Citation: 2009 FCA 230

 

Present:          DESJARDINS J.A.

 

BETWEEN:

ASSOCIATION DES CRABIERS ACADIENS INC.,

a company duly incorporated under the laws

of New Brunswick, JOËL GIONET, on his own behalf

and in his capacity as President of the Association des crabiers acadiens inc.,

ASSOCIATION DES CRABIERS GASPÉSIENS INC.,

an incorporated association registered under the laws of Quebec,

MARC COUTURE, on his own behalf and in his capacity

as Administrator of the Association des crabiers gaspésiens inc.,

ASSOCIATION DES CRABIERS DE LA BAIE, an unincorporated

association registered under the laws of Quebec, DANIEL DESBOIS,

on his own behalf and in his capacity as Administrator of the Association

des crabiers de la Baie, and ROBERT F. HACHÉ

 

Appellants

 

and

ATTORNEY GENERAL OF CANADA

Respondent

 

Motion dealt with in writing without appearance of the parties.

 

Order delivered at Ottawa, Ontario, on July 9, 2009.

 

REASONS FOR ORDER BY:                                                                              DESJARDINS J.A.

 


Date: 20090709

Docket: 09-A-21

Citation: 2009 FCA 230

 

Present: DESJARDINS J.A.

 

BETWEEN:

ASSOCIATION DES CRABIERS ACADIENS INC.,

a company duly incorporated under the laws

of New Brunswick, JOËL GIONET, on his own behalf

and in his capacity as President of the Association des crabiers acadiens inc.,

ASSOCIATION DES CRABIERS GASPÉSIENS INC.,

an incorporated association registered under the laws of Quebec,

MARC COUTURE, on his own behalf and in his capacity

as Administrator of the Association des crabiers gaspésiens inc.,

ASSOCIATION DES CRABIERS DE LA BAIE, an unincorporated

association registered under the laws of Quebec, DANIEL DESBOIS,

on his own behalf and in his capacity as Administrator of the Association

des crabiers de la Baie, and ROBERT F. HACHÉ

 

Appellants

 

and

ATTORNEY GENERAL OF CANADA

Respondent

 

 

REASONS FOR ORDER

 

[1]               The appellants bring this motion before the Court under Rule 369 of the Federal Courts Rules, SOR/98-106, (the Rules), seeking an extension of time to file a notice of appeal from a decision of Justice Sean J. Harrington of the Federal Court, dated April 27, 2009. The motion also seeks an order allowing the notice of appeal attached as Exhibit F to David Quesnel’s affidavit to be filed in support of the motion.

 

[2]               In his decision, Justice Harrington dismissed the appellants’ request for production of materials pursuant to sections 317 and 318 of the Rules.

 

[3]               The appellants explain that the deadline to file the notice of appeal of the judgment a quo was missed by reason of a calculation error.

 

[4]               They allege that their appeal raises valid issues, that they have had a continuing intention to appeal the judgment a quo, that the respondent will suffer no prejudice if the order the appellants seek is made and that the order is necessary to do justice to the parties.

 

[5]               The respondent challenges but one point.
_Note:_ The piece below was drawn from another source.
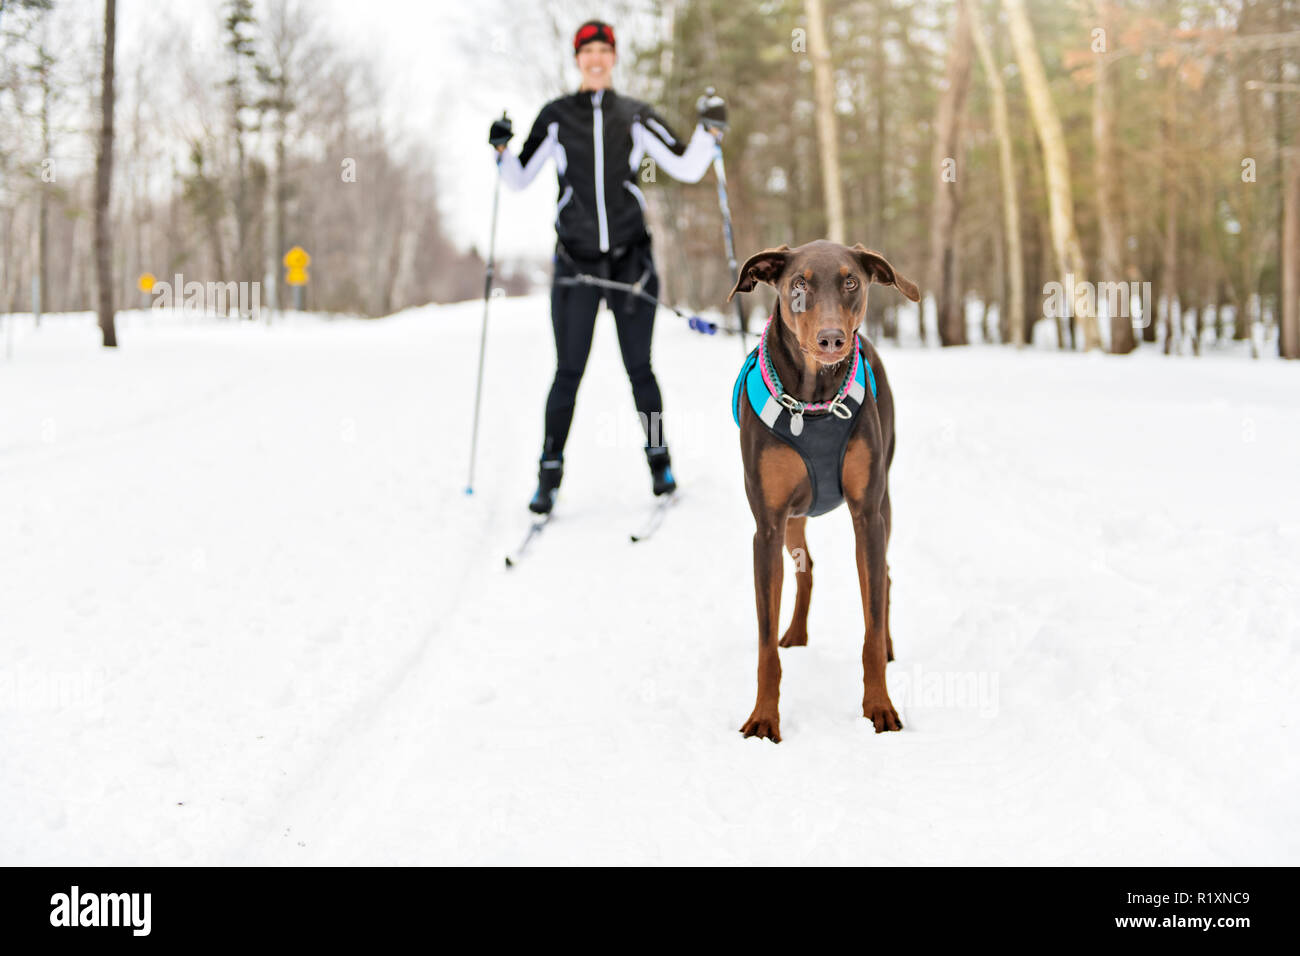 skijoring woman have fun in forest Stock Photo

He alleges that the issues the appellants wish to submit to the Federal Court of Appeal are not valid issues and that nothing in their motion establishes that this appeal might have merit. The respondent is not contesting that there might be special circumstances showing or explaining why the appeal was not filed within the required time; that the appellants’ intention to appeal existed before the time to appeal ran out; that the delay has not been excessive; that the Crown will not be prejudiced in any way by an extension of time within which to appeal; and that it is in the interests of justice to grant the time extension.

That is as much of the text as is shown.